В стратегическом отношении отсрочка вела к потере удобного момента для наступления: Красная Армия, наконец, перешла в успешное наступление после трехмесячного перерыва, который продолжался во время нашей битвы в Арденнах. Если бы мы только могли согласовать наше наступление с ударом советских войск, то лишили бы противника возможности маневрировать своими резервами между восточным и западным фронтами. Хотя генерал Булл, начальник оперативного отдела верховного штаба экспедиционных сил союзников, еще в январе вернулся из Москвы с радостным известием о предстоящем советском наступлении, тем не менее Эйзенхауэр сомневался, чтобы русским удалось в ходе зимнего наступления выйти на западный берег Одера. Все же отчет Булла внушал веру, что советские войска, перейдя в наступление, ослабят сопротивление немцев на западном фронте. Но эти надежды не сбылись: если немцы и ослабили свою оборону на западе, то наши фронтовые войска этого не заметили.[53]
Все сведения о Красной Армии мы продолжали получать из передач Би-Би-Си, однако в конце февраля мы имели возможность в течение одного дня общаться с советскими дипломатами. Однажды советский посол во Франции приехал к нам в Намюр для того, чтобы вручить русские ордена за операцию «Оверлорд». После официальной церемонии во дворце губернатора провинции посол г-н Александр Богомолов, чиновничьего вида человек, провел вечер с нами в Шато-де-Намюр. На следующее утро я пригласил его на секретное совещание в штабе. Мы ознакомили советского посла с диспозицией наших войск и планом завершения кампании в Рейн-ланд-Пфальце. Возвращаясь в Париж вместе с полковником А. Дрекселом Бидллом из верховного штаба экспедиционных сил союзников, Богомолов с восхищением отзывался об оказанном ему приеме, подчеркивая, что мы не скрывали от него никаких секретов, и обещал сообщить о нашем гостеприимстве маршалу Сталину. Однако эти похвалы не помешали мне пять лет спустя занять почетное место в списке англо-американских поджигателей войны, составленном советскими руководителями. Если бы я мог тогда, в 1945 г., предвидеть этот результат, то чувствовал бы себя гораздо увереннее, ибо английские и американские газеты подняли шумиху по поводу присутствия Богомолова на нашем секретном штабном совещании. В течение нескольких дней я боялся, что мой поступок будет неправильно истолкован в Вашингтоне. Наконец Левен Аллен успокоил меня, сказав: «Не беспокойтесь, Брэд, когда федеральное бюро расследований начнет проверку, мы не дадим вас в обиду».

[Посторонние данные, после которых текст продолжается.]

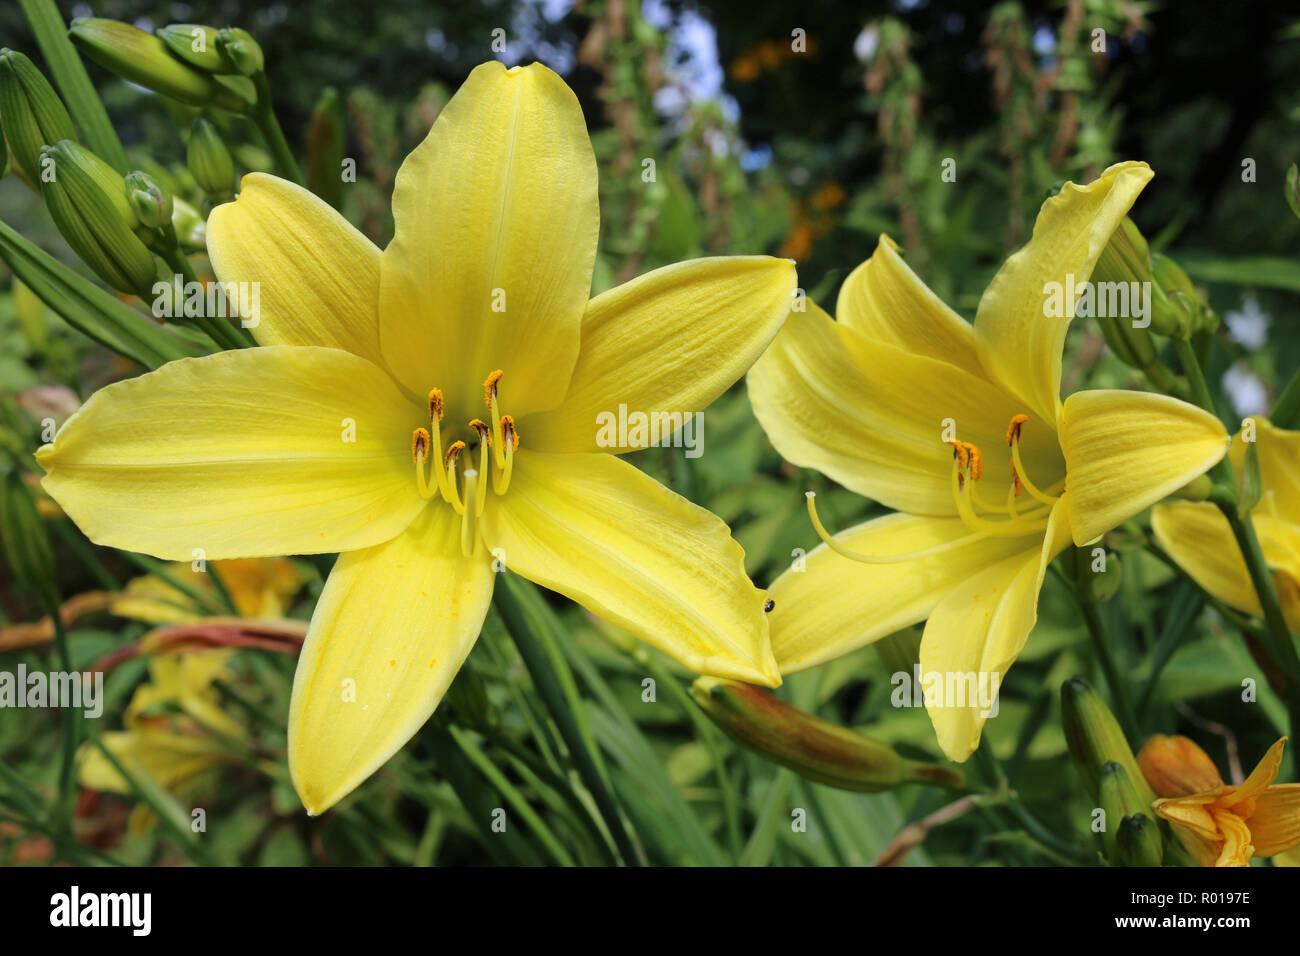 Two yellow daylily (Hemerocallis) flowers with a background of flowers and leaves of other daylilies. Stock Photo

В 10 часов утра в четверг 22 февраля было принято решение форсировать реку Рур на следующее утро на рассвете. Река все еще не вошла в берега, но мы уже не могли больше откладывать. Прошло 22 дня с тех пор, как Эйзенхауэр перенес направление нашего главного удара. Теперь мы наступали не на Эйфель, а в направлении на реку Рур. Если бы нам разрешили наступать через Эйфель, мы бы уже далеко продвинулись вперед по пути к Рейну. Каждый новый день задержки позволял противнику подтянуть силы, и становилось ясно, что дальнейшее укрепление обороны немцами на этом участке может сорвать весь наш замысел. Даже и теперь я опасался, что война затянется до сентября 1945 г. и что она достигнет своей высшей точки в летних боях в конце июля и в августе. Если мы хотели форсировать Рейн в конце весны, то не могли больше прохлаждаться на Руре.
Тем временем наступление канадской армии Монти вниз от Неймегена, в обход линии Зигфрида, там, где к ней был обращен фронт армии Демпси, вскоре было остановлено. За 14 дней наступательных боев канадцы продвинулись менее чем на 32 километра, преодолевая упорное сопротивление противника на местности, размытой проливными дождями и затопленной немцами. Пока Симпсон не форсировал реку Рур и не вышел в тыл оборонявшихся немецких войск, командующий канадской армией генерал Крерар не мог рассчитывать на то, что немцы ослабят сопротивление.
На участке между Дюреном и Юлихом, где мутные воды Рура текли по каменистому дну, Симпсон, готовясь к форсированию реки, сосредоточил десять дивизий, в том числе три бронетанковые. Справа от него Ходжес подтянул три корпуса, в составе которых было четырнадцать дивизий. 7-й корпус Коллинса должен был форсировать Рур 23 февраля одновременно с 9-й армией, 3-й и 5-й корпуса форсировали реку эшелонированно вслед за 7-м корпусом. Каждая дивизия должна была переправиться через Рур вслед за дивизией, находившейся на ее левом фланге, и высадиться на плацдарме, занятом последней (схема 47). Высадившись на восточном берегу Рура, дивизия передвигалась вправо и возвращалась в свою полосу наступления. Мы составили такой план наступления, чтобы позволить Ходжесу обойтись без форсирования Рура на широком фронте. Он мог переправить головную дивизию 3-го корпуса на плацдарм, занятый последней дивизией Коллинса, затем повернуть ее направо, расширяя таким образом плацдарм до тех пор, пока не будут переправлены все дивизии 3-го и 5-го корпусов. При таком методе наступления 1-я армия осуществляла глубокое вклинение в своей полосе, причем 7-й корпус прикрывал фланг 9-й армии Симпсона, которая поворачивала на Дюссельдорф на соединение с канадцами, наступающими на юг.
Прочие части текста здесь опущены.